> **PROVIDED DATA**
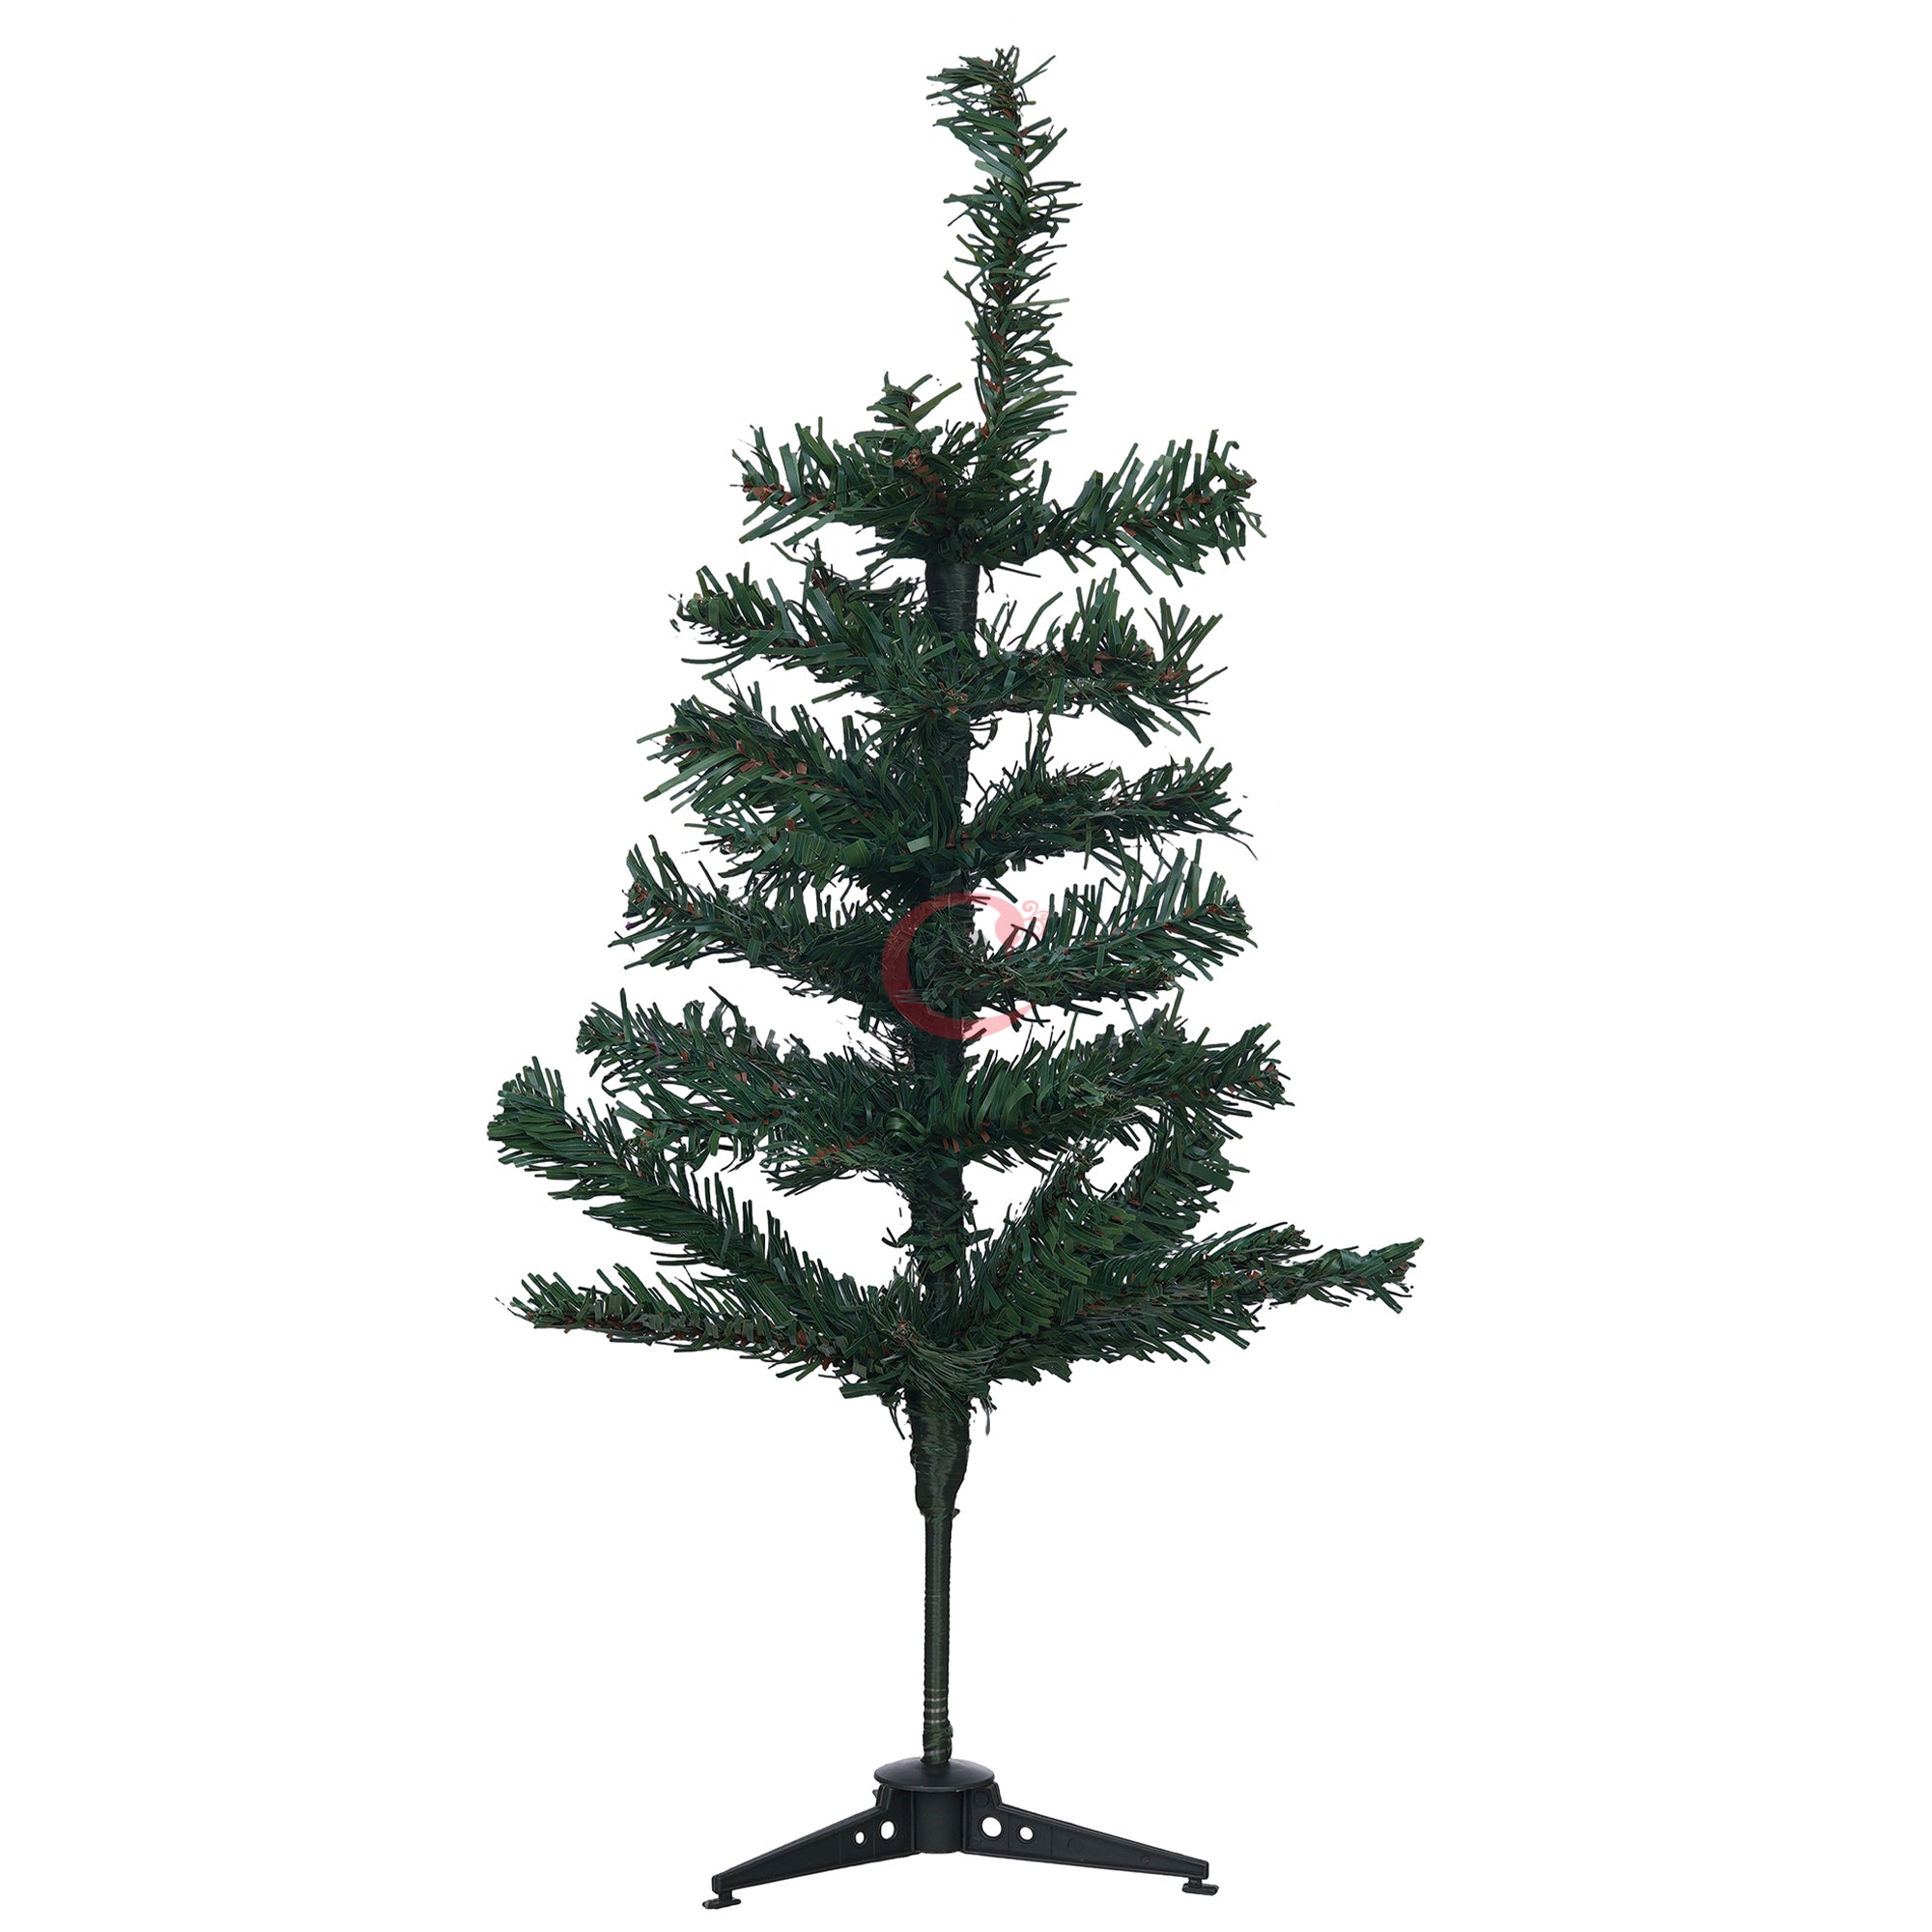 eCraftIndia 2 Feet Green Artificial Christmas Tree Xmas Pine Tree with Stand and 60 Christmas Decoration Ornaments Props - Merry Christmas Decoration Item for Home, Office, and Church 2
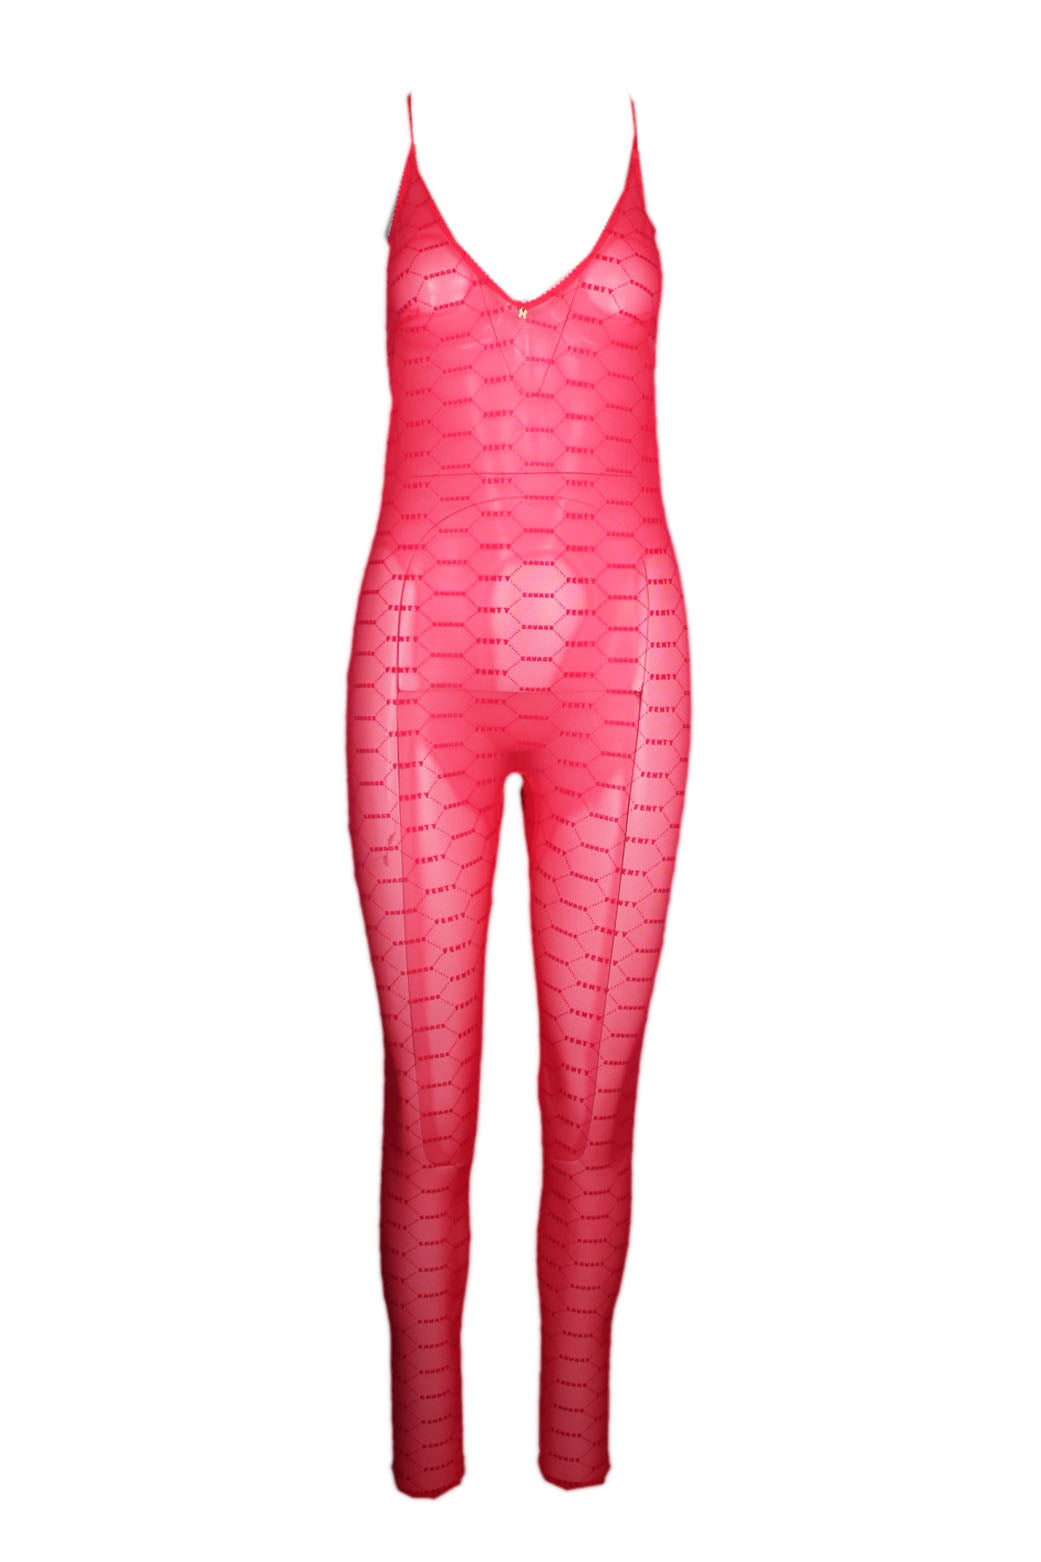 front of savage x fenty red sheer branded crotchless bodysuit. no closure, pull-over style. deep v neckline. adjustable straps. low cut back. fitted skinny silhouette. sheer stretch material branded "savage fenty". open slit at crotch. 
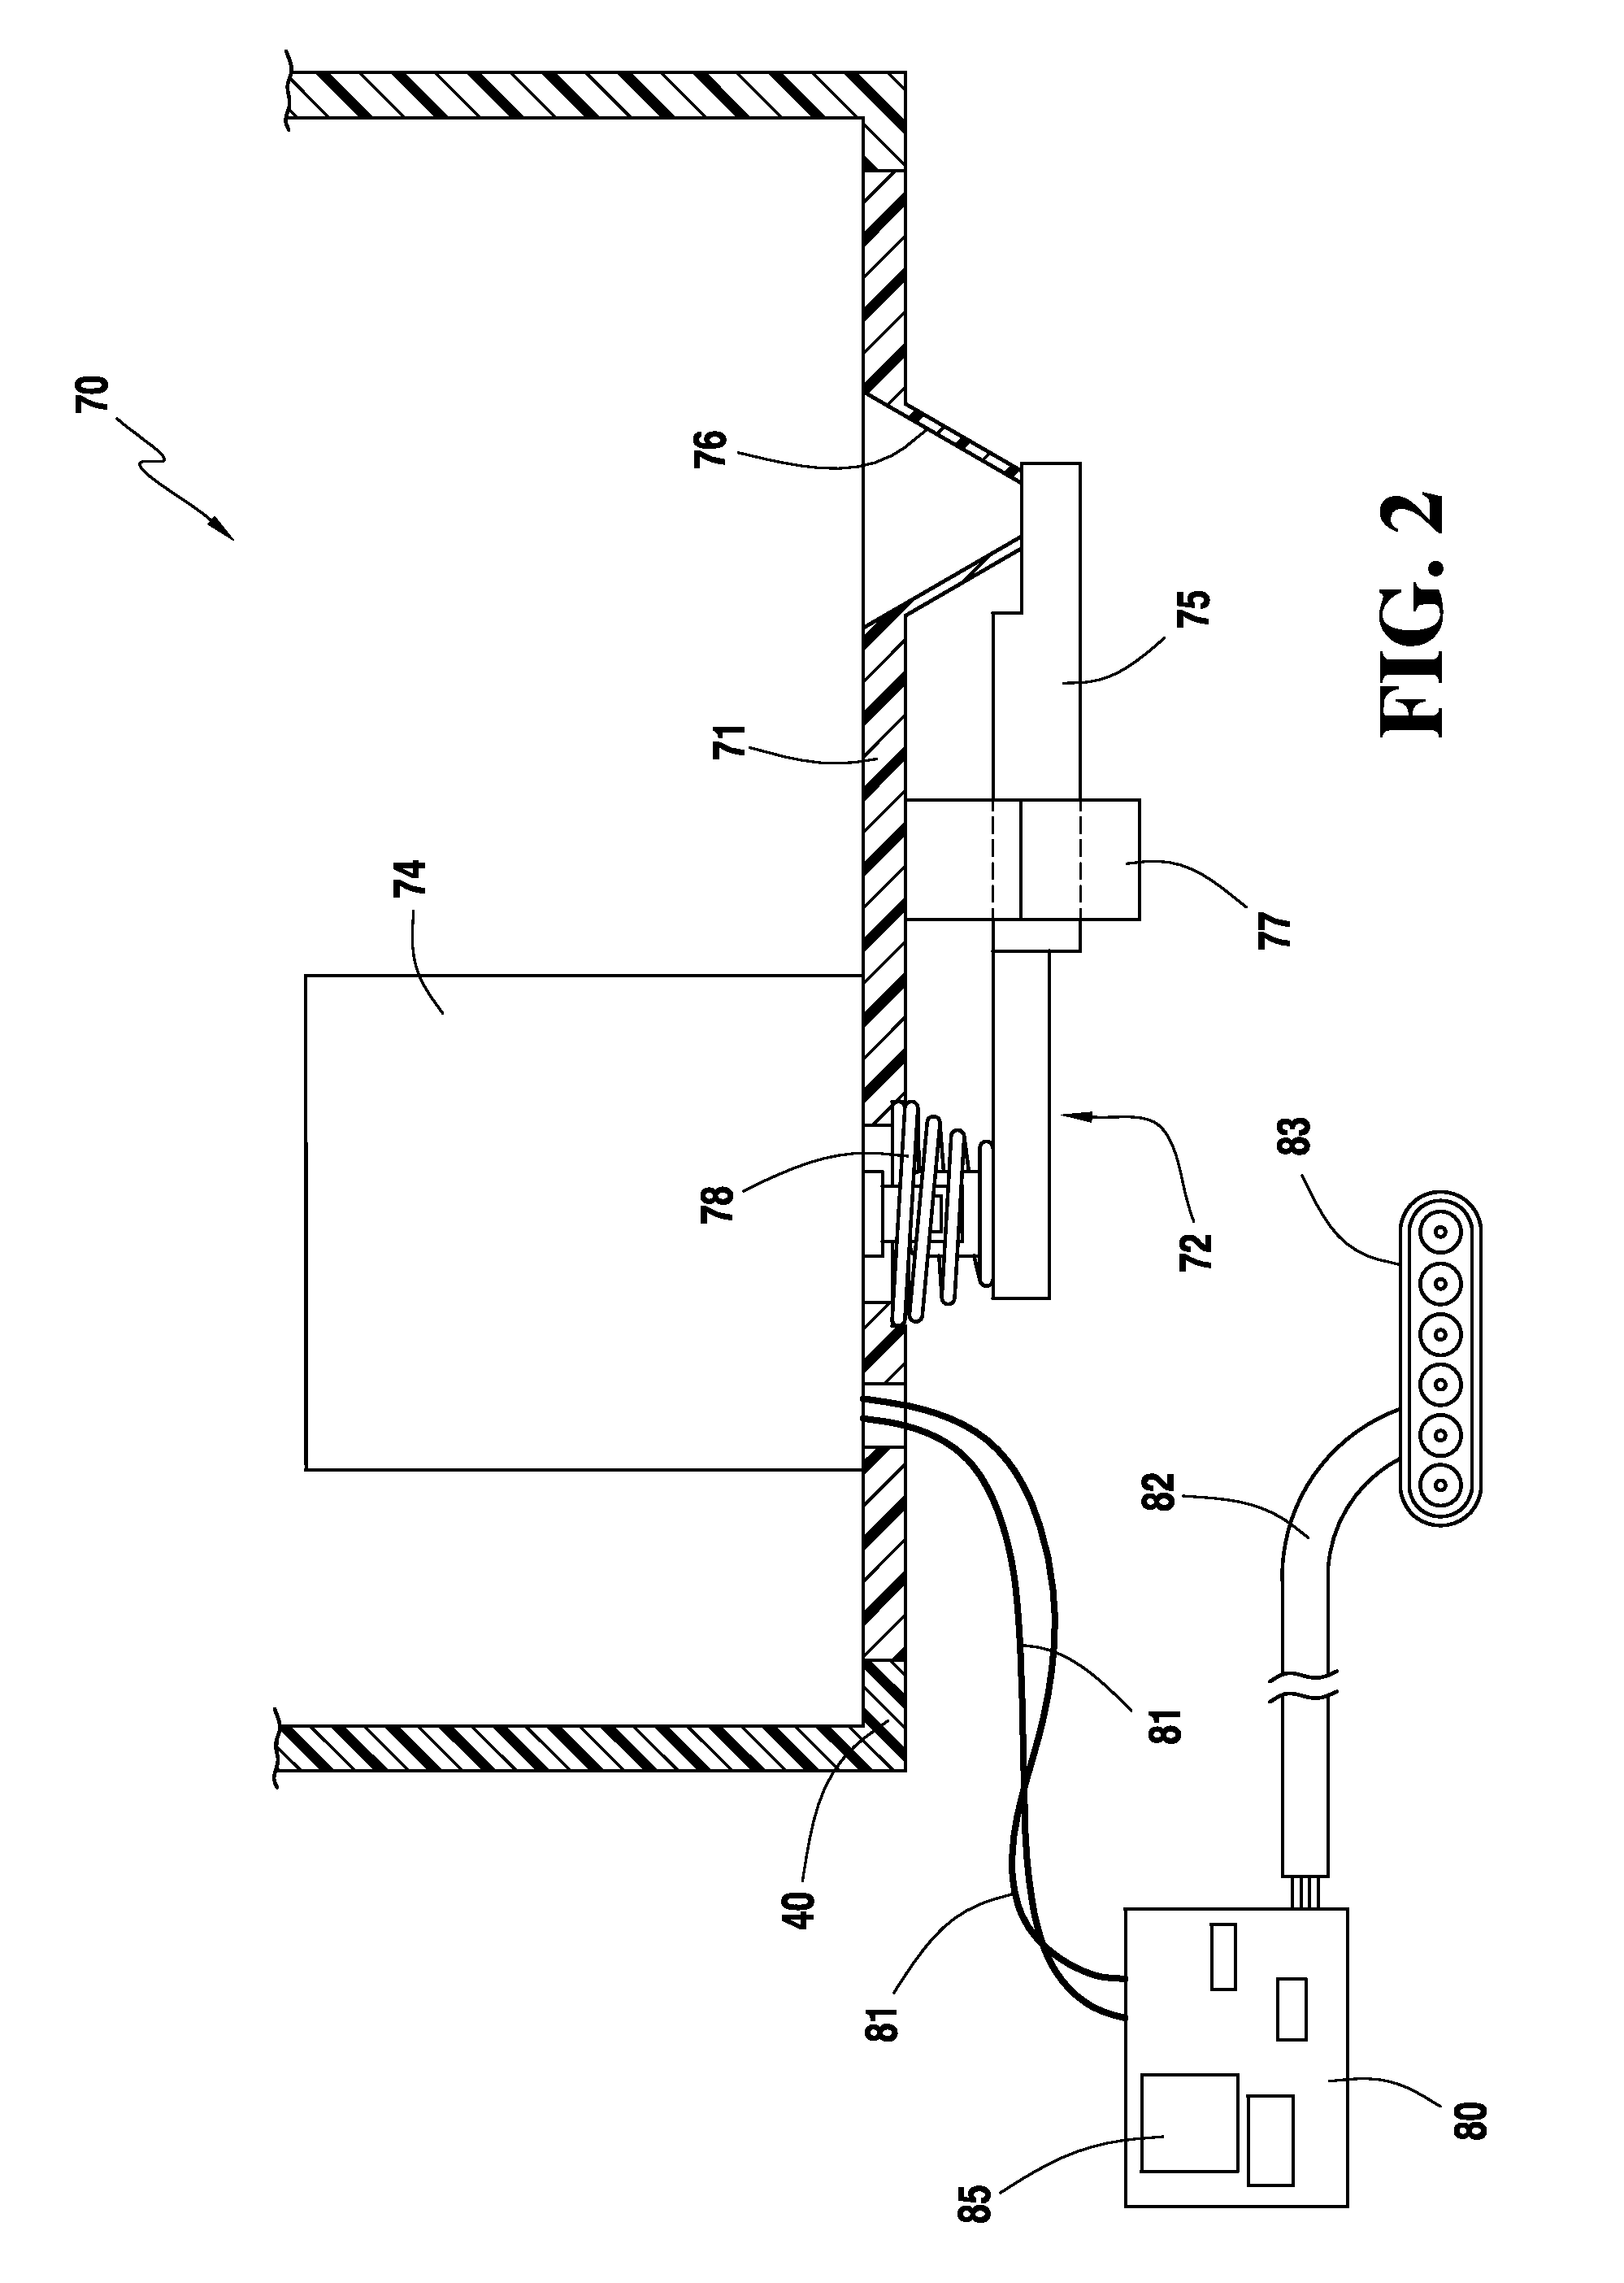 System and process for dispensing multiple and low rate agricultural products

> **REQUIRED ACTION**
Without including a single picture, restate all of the data word for word.

> **SOLUTION**
 eCraftIndia 2 Feet Green Artificial Christmas Tree Xmas Pine Tree with Stand and 60 Christmas Decoration Ornaments Props - Merry Christmas Decoration Item for Home, Office, and Church 2
 front of savage x fenty red sheer branded crotchless bodysuit. no closure, pull-over style. deep v neckline. adjustable straps. low cut back. fitted skinny silhouette. sheer stretch material branded "savage fenty". open slit at crotch. 
 System and process for dispensing multiple and low rate agricultural products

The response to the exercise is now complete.